How do we decide what is a “Water of the United States”? Rapanos revisited

Ever since the U.S. Supreme Court issued its opinions in Rapanos v. United States in 2006, it has been unclear exactly how the U.S. is to go about evaluating which wetlands and tributaries of navigable waters are subject to federal jurisdiction under the Clean Water Act.  Until recently, the U.S. Army Corps of Engineers asserted federal jurisdiction over wetlands and tributaries even where their connection to open, traditionally navigable waterways were attenuated.  This meant, among other things, that private developers had to obtain a permit from the Corps under Section 404 of the Clean Water Act before taking many actions that would affect these wetlands and tributaries.  Developers complain of delay and hassle from the permitting requirements, while environmentalists believe the requirements are essential to ensure proper protection of wetlands and streams.

The Rapanos case narrowed the Corps’ permitting jurisdiction, but it is still very unclear what the Court requires of the Corps because there was no majority opinion issued in the case.  Prof. Jonathan Adler blogged yesterday on this subject on the Volokh Conspiracy website, arguing (in the wake of a new Sixth Circuit decision interpreting the Supreme Court case) that many lower federal courts are misinterpreting the Supreme Court’s mandate.   I disagree.  He and I engaged in a colloquy in the discussion thread to his post that I recommend for readers interested in this question.

Here’s some background:

The Court issued three opinions:  two opinions were joined by four Justices each, and the third opinion was Justice Kennedy’s alone.  In the absence of a majority opinion, it is left to the rest of us (and lower courts) to discern what the rule will be going forward.

Four Justices agreed that the Corps has broad jurisdiction over wetlands and tributaries, as the Corps has asserted in the past.

Justice Kennedy held that wetlands and tributaries that “either alone or in combination with similarly situated lands in the region, significantly affect the chemical, physical, and biological integrity of other covered waters more readily understood as ‘navigable,’ ” are subject to federal jurisdiction.  Because the first group of four Justices would find federal jurisdiction in all cases where Kennedy would find jurisdiction, but not the other way around, the Kennedy test is widely seen as providing the crucial “fifth vote” that defines the scope of federal authority here.

But wait, there’s more.  Justice Scalia, writing for the other group of four Justices (in an opinion generally referred to as the case “plurality”) held that

[E]stablishing that wetlands such as those at the Rapanos and Carabell sites are covered by the Act requires two findings: First, that the adjacent channel contains a “wate[r] of the United States,” (i.e., a relatively permanent body of water connected to traditional interstate navigable waters); and second, that the wetland has a continuous surface connection with that water, making it difficult to determine where the “water” ends and the “wetland” begins.

Justice Scalia explicitly rejected Justice Kennedy’s analytical framework; to Justice Scalia, if there is no “continuous surface connection,” there cannot be federal jurisdiction over a wetland, regardless of whether the factors that Justice Kennedy enumerates are present.

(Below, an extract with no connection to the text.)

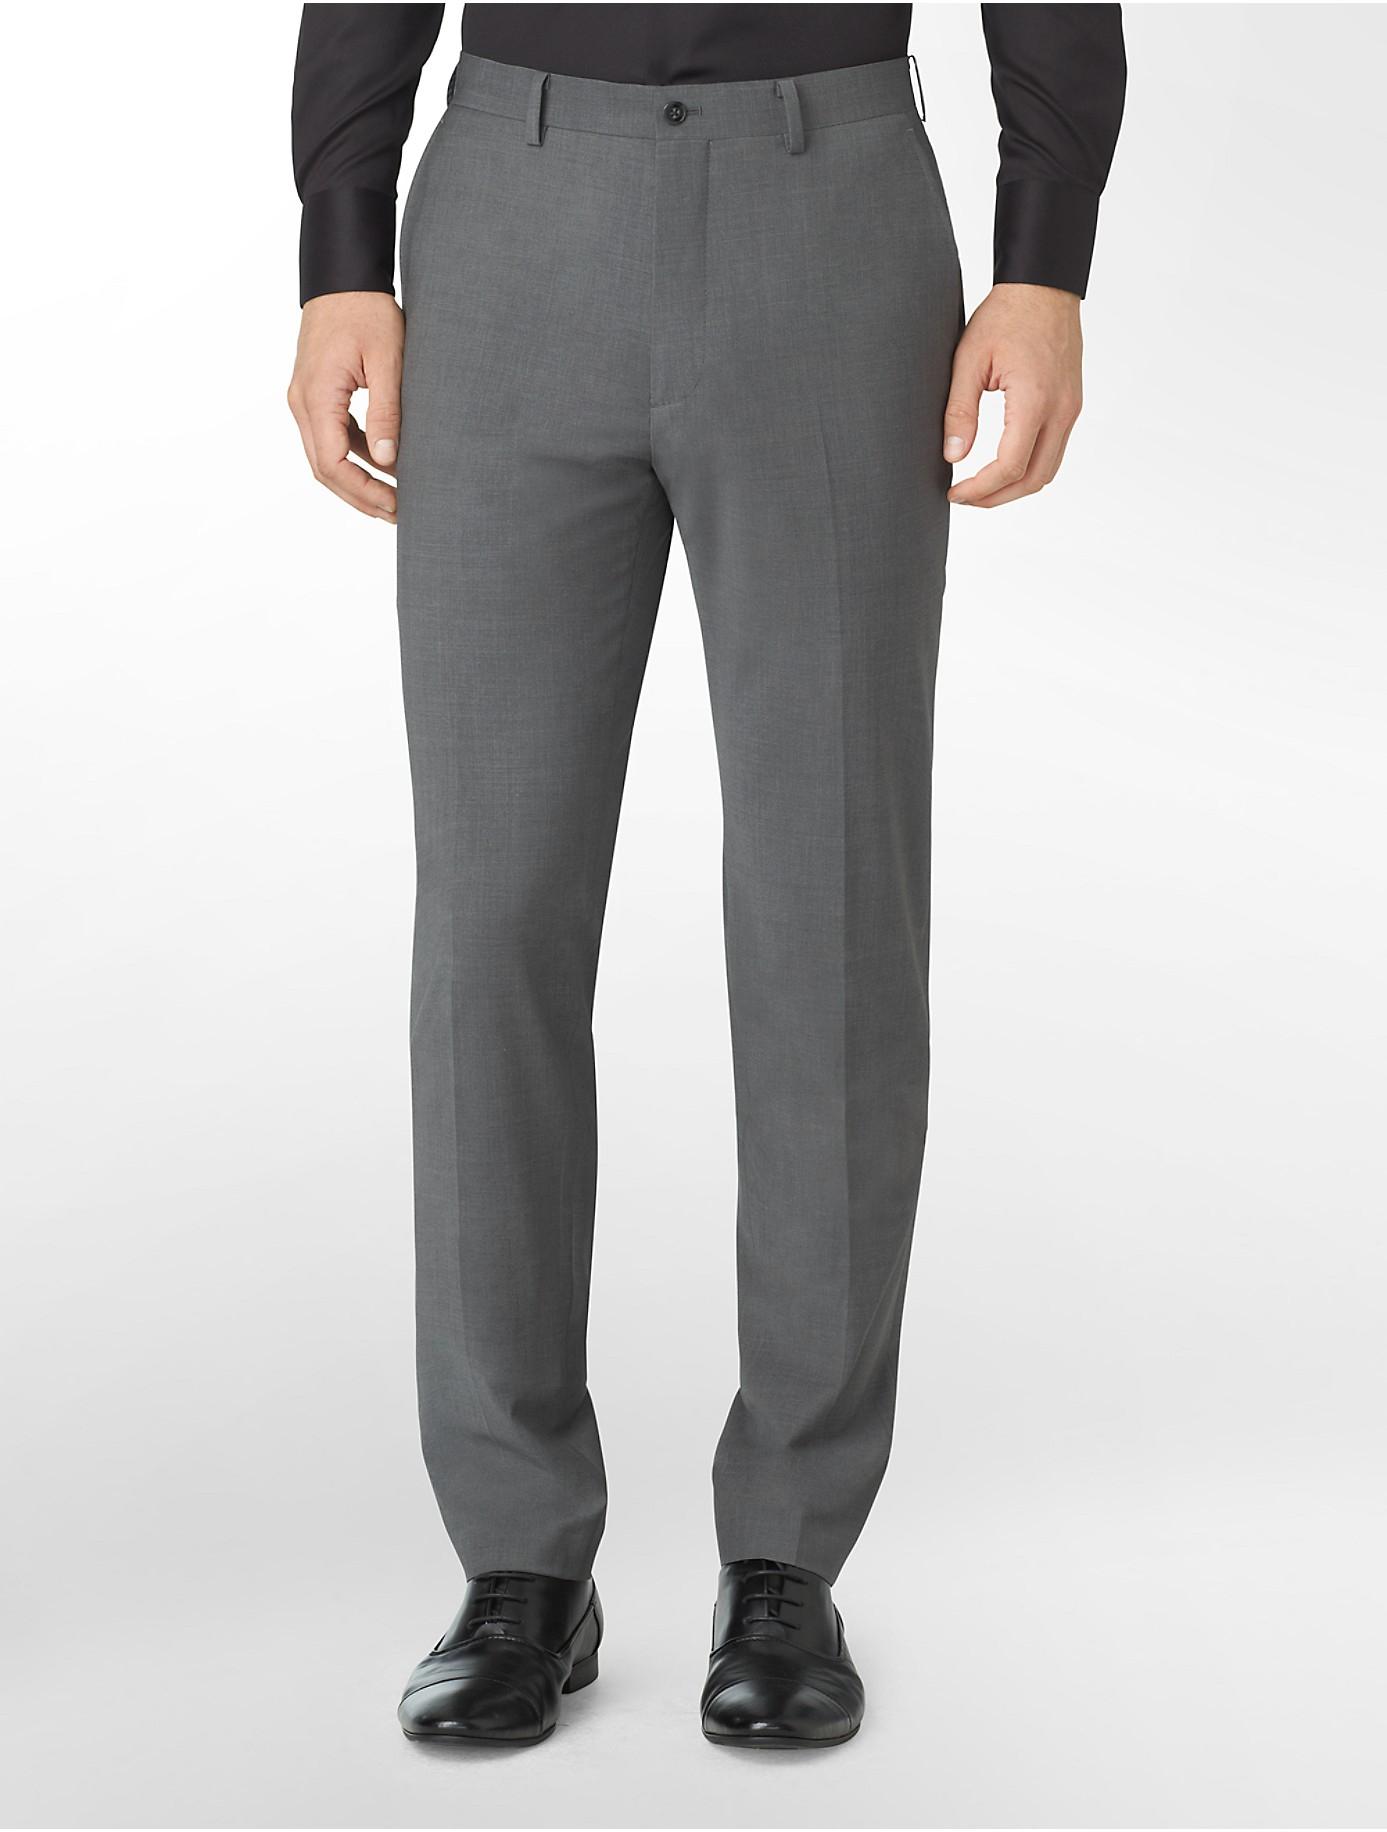 Grey Suit Pants Hardon Clothes

Most courts that have examined the issue of federal jurisdiction over waterways since Rapanos have concluded that a wetland or tributary is subject to federal jurisdiction if either the “Kennedy test” or the “Scalia test” is met.  Typical of the reasoning is the following, from U.S. v. Gerke Excavating:

Thus, any conclusion that Justice Kennedy reaches in favor of federal authority over wetlands in a future case will command the support of five Justices (himself plus the four dissenters), and in most cases in which he concludes that there is no federal authority he will command five votes (himself plus the four Justices in the Rapanos plurality), the exception being a case in which he would vote against federal authority only to be outvoted 8-to-1 (the four dissenting Justices plus the members of the Rapanos plurality) because there was a slight surface hydrological connection. The plurality’s insistence that the issue of federal authority be governed by strict rules will on occasion align the Justices in the plurality with the Rapanos dissenters when the balancing approach of Justice Kennedy favors the landowner. But that will be a rare case, so as a practical matter the Kennedy concurrence is the least common denominator (always, when his view favors federal authority). 

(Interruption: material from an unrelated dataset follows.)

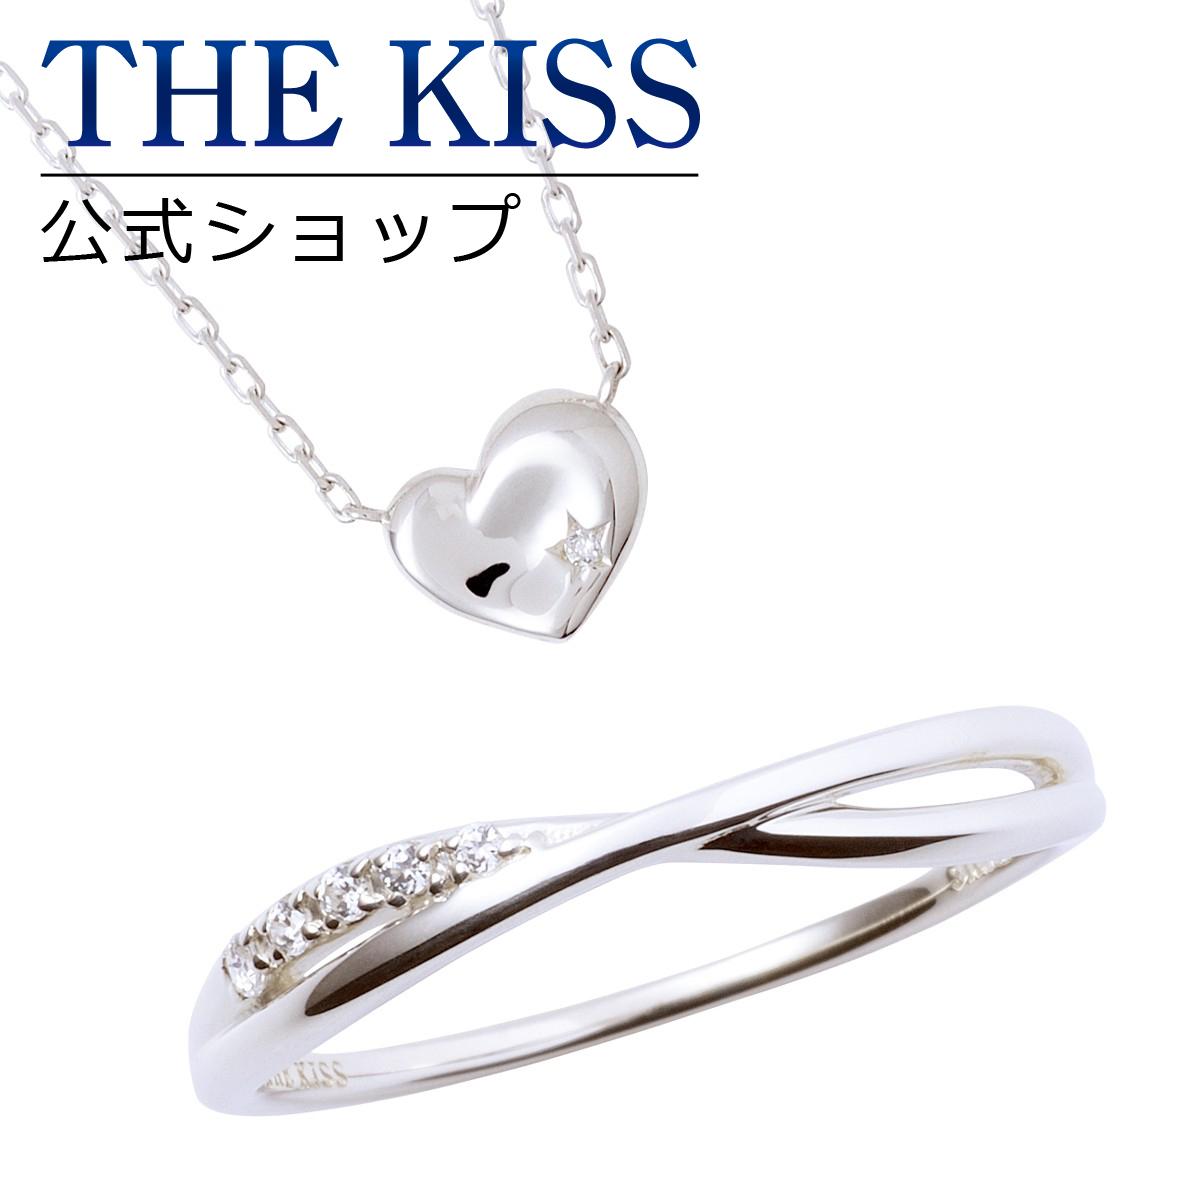 【あす楽対応】THE KISS 公式サイト レディースセット レディースリング レディースネックレス レディースジュエリー・アクセサリー ジュエリーブランド THEKISS リング・指輪 ネックレス・ペンダント 記念日 プレゼント SR2016CB-SPD270DM セット ザキス 【送料無料】

(Hat tip to Volokh Conspiracy commenter Applekeys for this quotation.)
Jonathan Adler disagrees with this interpretation of the Rapanos decision, while I agree with it.  Read our competing views and decide for yourself.  Jonathan and I do agree, by the way, that the current federal guidance on implementing Rapanos is inadequate for the task.  Hopefully the new administration will clarify and simplify the rules.